No progressive decoding: During generation, the first 50% of tokens can only reconstruct the top half of the image, with no coarse preview of the complete image available.
Underutilization of frequency-domain priors: Natural image energy is concentrated in low frequencies, and high-frequency details are inherently more compressible, yet spatial tokenizers treat all patches uniformly.
Starting Point¶
The authors observe that the multi-scale decomposition property of wavelet transforms is naturally aligned with autoregressive generation: low-frequency approximation coefficients correspond to coarse image content, while successive high-frequency detail coefficients capture increasingly fine textures. Encoding DWT coefficients from low to high frequency as tokens makes autoregressive generation equivalent to "generating the global structure first, then progressively adding detail."
Method¶
Overall Architecture¶
The SIT pipeline is: Input image → multi-level Haar DWT → per-scale patchification → per-scale linear embedding → Transformer encoder → vector quantization (dual codebook) → Transformer decoder → per-scale back-projection → IDWT reconstruction.
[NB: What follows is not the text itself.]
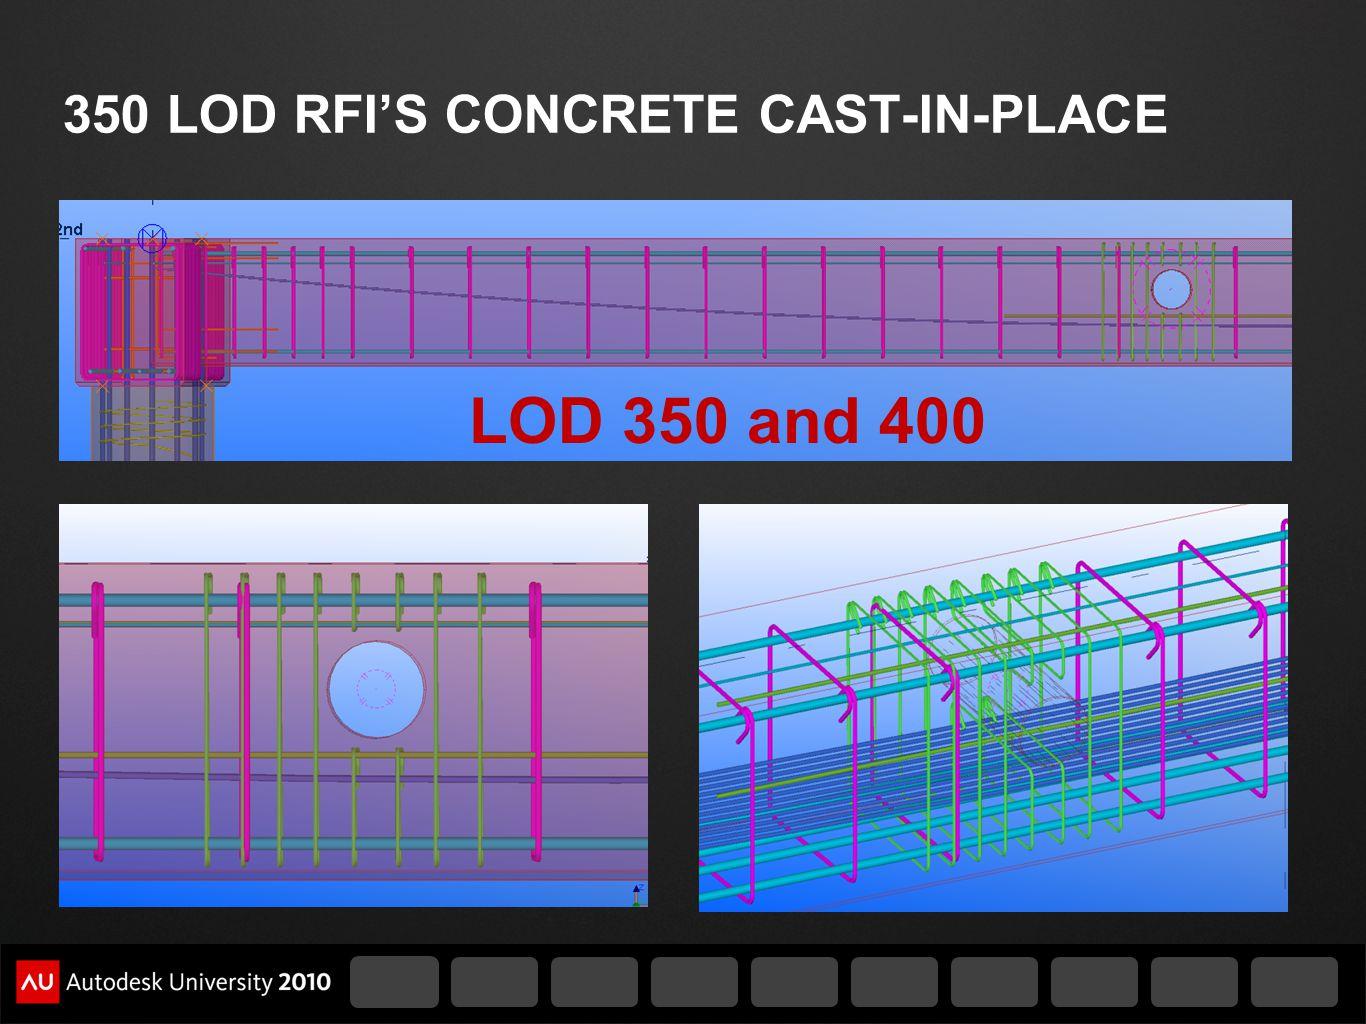 350 LOD RFI'S CONCRETE CAST-IN-PLACE

The generative model AR-SIT appends an autoregressive Transformer on top of SIT to predict quantized discrete codes token by token, with the SIT decoder restoring the image.
Key Designs¶
1. Spectral Patchification¶
An \(L\)-level Haar DWT is applied to the input image, yielding one set of approximation coefficients and \(L\) sets of detail coefficients (horizontal/vertical/diagonal). \(S = L + 1\) scales are defined, each allocated a fixed \(N\) tokens (with \(N = 256\) in experiments):
- Scale 1 (approximation): The coarsest low-frequency approximation coefficients are divided into \(N\) patches, each approximately \(32{\times}32{\times}3\).
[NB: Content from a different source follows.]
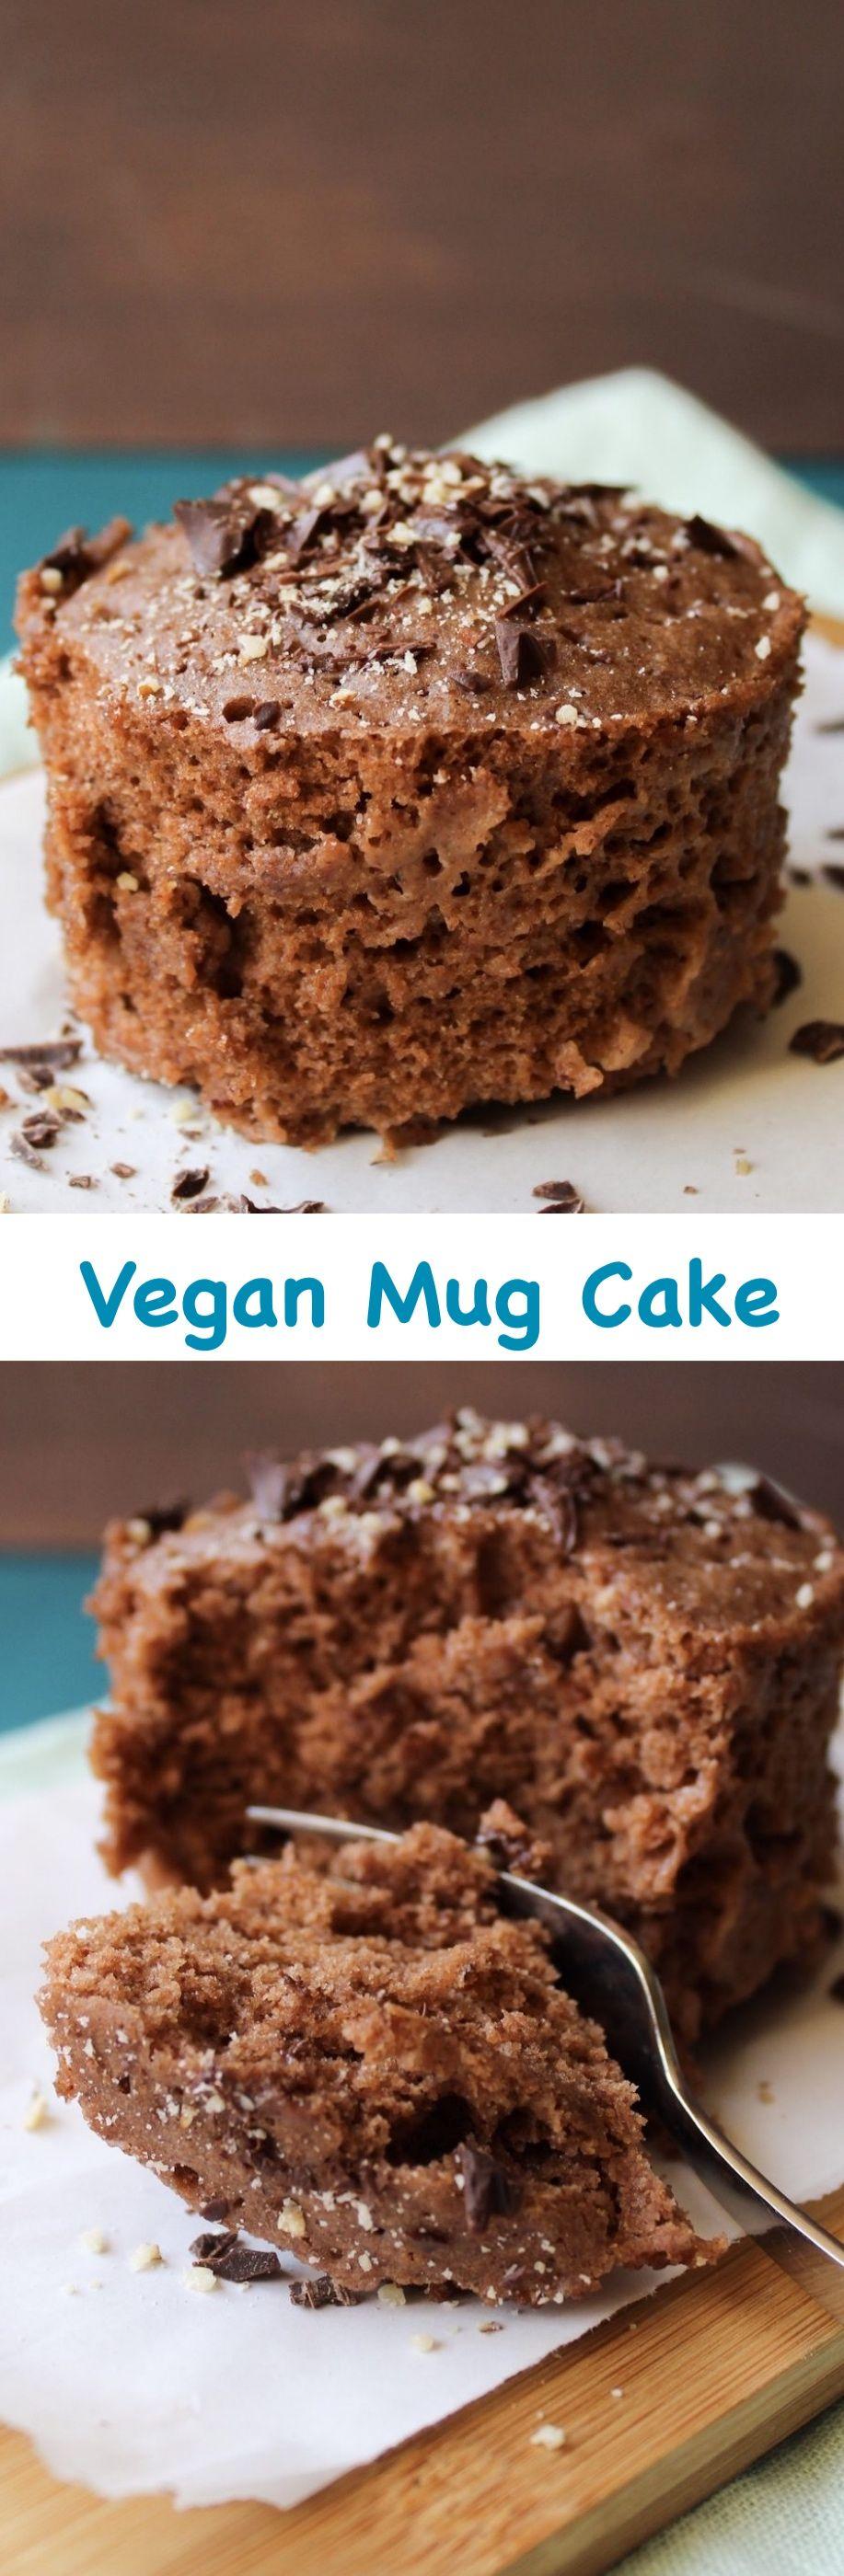 Nut Cream Recipes | Mug cake healthy, Cream recipes, Vegan ...

- Scale \(s\) (details): The H/V/D detail coefficients at the corresponding level are concatenated along the channel dimension, then divided into \(N\) patches.
Because higher-frequency scales have larger spatial resolution, the same number of tokens implies larger patches, meaning high-frequency content is more heavily compressed—consistent with the spectral statistics of natural images.
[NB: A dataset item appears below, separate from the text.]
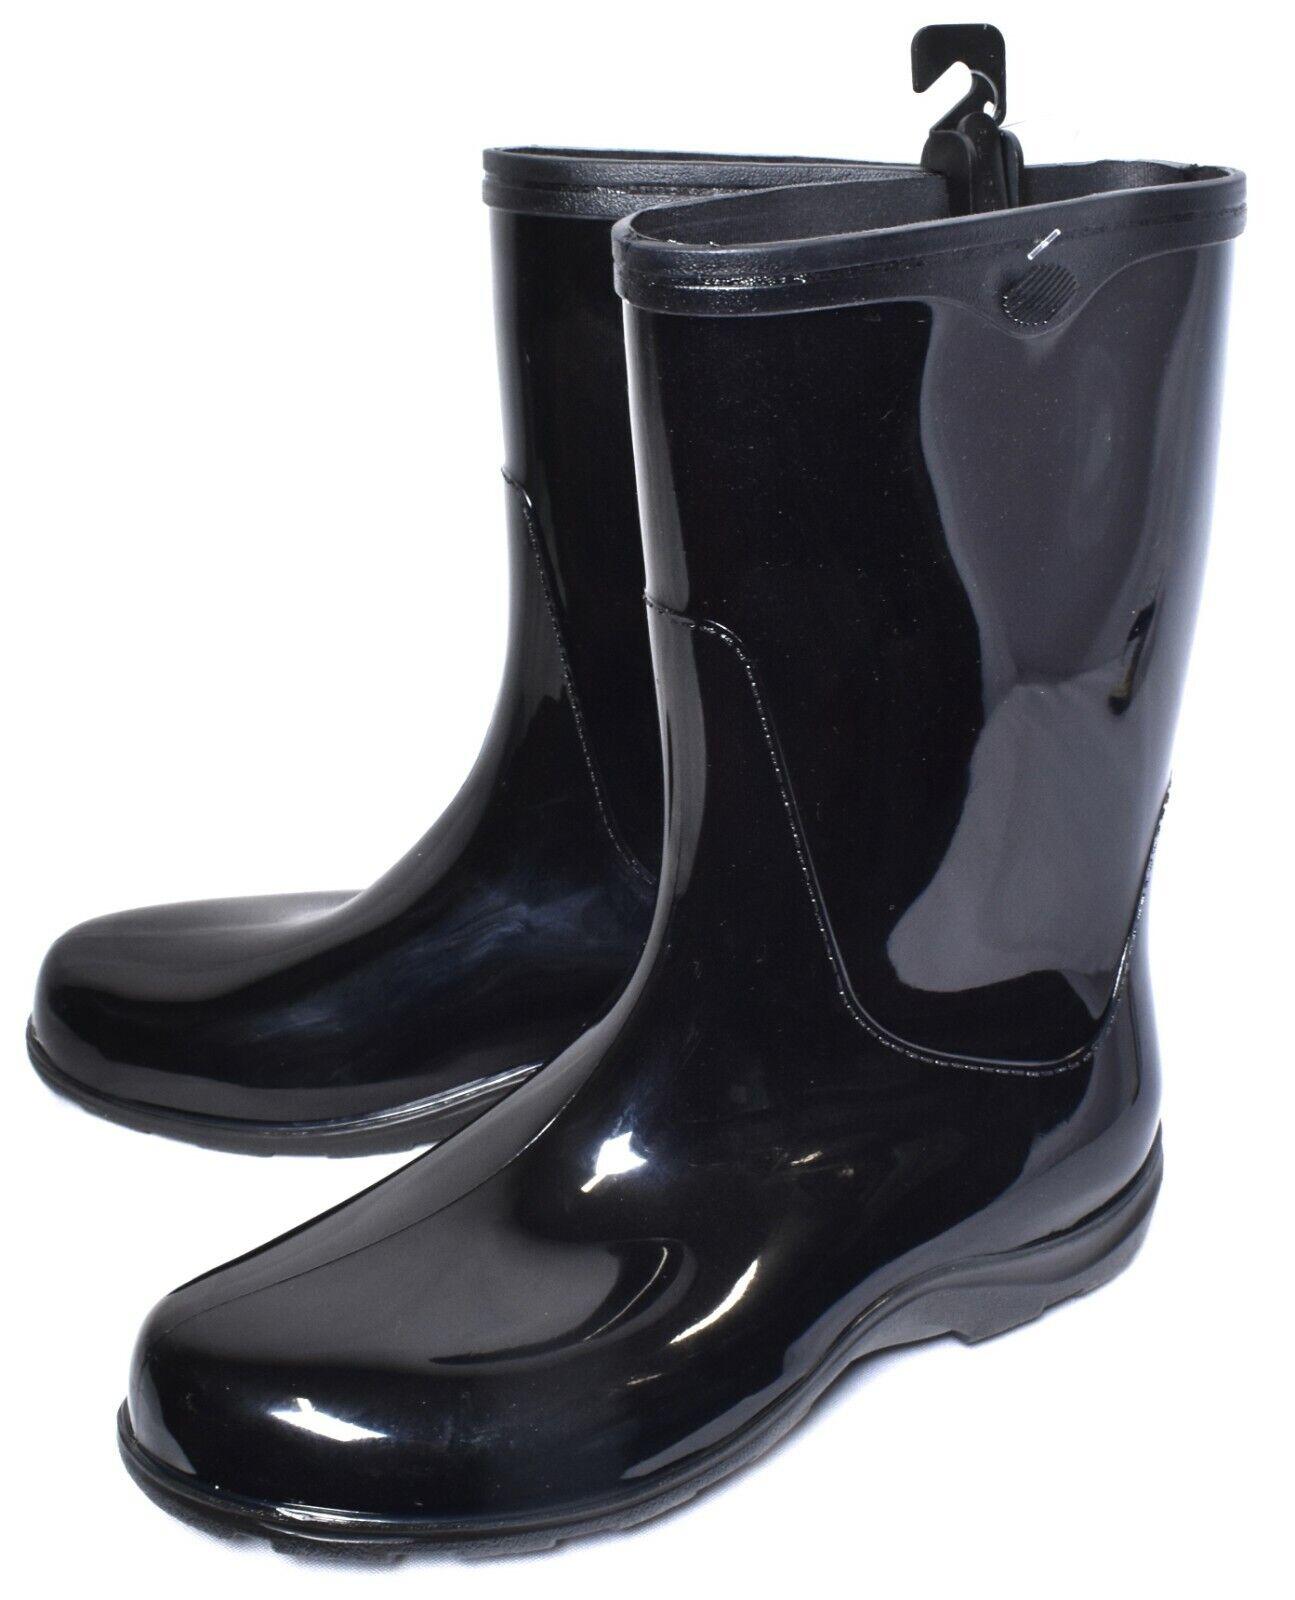 Sloggers 5000BK10 Women's Waterproof Rain Boots, Black - Siz

Compared to ViT-VQGAN: a \(256{\times}256\) image with \(8{\times}8\) patches yields 1024 tokens; SIT with 4 scales \(\times\) 256 tokens/scale also yields 1024 tokens, but scaling to \(512{\times}512\) requires only 1–2 additional scales (+256/+512 tokens) rather than a 4× increase.
2. Approximation-Detail Transformer (ADTransformer)¶
Since approximation and detail coefficients follow very different distributions (approximations resemble natural images; details resemble zero-mean Gaussians), the Transformer uses per-scale parameters in its internal layers:
- Layer Norm and MLP layers use separate parameters for approximation and detail tokens.
- QKV projections in self-attention are shared across all scales to preserve cross-scale interaction.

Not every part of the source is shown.